Back in June I posted about the controversy at the US Air Force Academy concerning superior officers proselytizing to cadets and some incidents of religious intimidation against non-christians and non-believers. In August the Pentagon issued guidelines meant to protect religious liberty by discouraging public prayers at routine events and warned superior officers that personal expressions of faith could be misunderstood as official statements.
Once the guidelines were issued it seemed the issue was addressed.
Not quite.
Religious conservatives organized a response and pressured the Pentagon to revise the guidelines. The new version was issued last week.
But evangelical groups, such as the Colorado-based Focus on the Family, saw the guidelines as overly restrictive. They launched a nationwide petition drive, sounded alarms on Christian radio stations, and deluged the White House and Air Force Secretary Michael W. Wynne’s office with e-mails calling the guidelines an infringement of the Constitution’s guarantees of free speech and free exercise of religion.
Seventy-two members of Congress also signed a letter to President Bush criticizing the guidelines and urging him to issue an executive order guaranteeing the right of military chaplains to pray “in Jesus’ name” rather than being forced to offer nonsectarian prayers at public ceremonies.
Maj. Gen. Charles C. Baldwin, the Air Force’s chief of chaplains, acknowledged in a telephone interview yesterday that the changes reflect the criticism from evangelicals.
Michael L. “Mikey” Weinstein, an Albuquerque lawyer who is suing the Air Force over its policy on religion, questioned the sentence allowing commanders to share their faith when it is “reasonably clear” that they are speaking personally, not officially.

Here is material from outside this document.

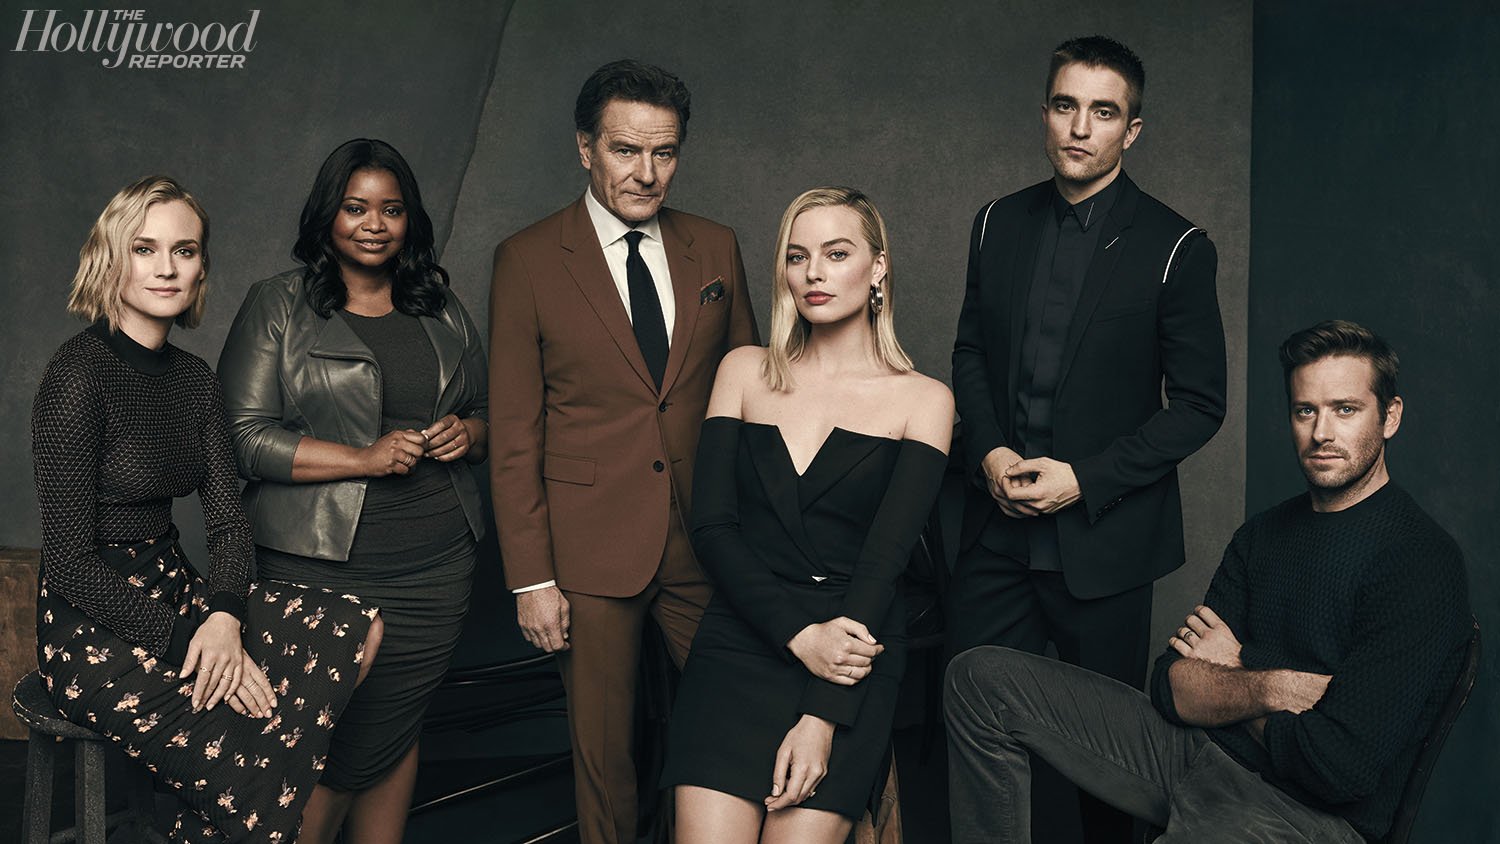 The Hollywood Reporter First Ever Live Roundtable

“Reasonably clear from whose perspective, the superior’s or the subordinate’s?” asked Weinstein, a 1977 Air Force Academy graduate. “When a senior member of your chain of command wants to speak to you ‘reasonably’ about religion, saying ‘Get out of my face, sir!’ is not an option.”
Basically what religious conservatives did was get the Pentagon to relax the rules against superior officers and chaplains proselytizing to cadets.
Proselytizing is not exercising your religious beliefs. Going to church or prayer is practicing your religion. Proselytizing is being a pain in the ass by telling someone, whether they want to hear it or not, about why they should join your church or religion.
Teachers are prevented from doing the same thing to students in school, so why are Air Force officers at the academy exempt?
There’s a big difference, sadly so many people just don’t get it.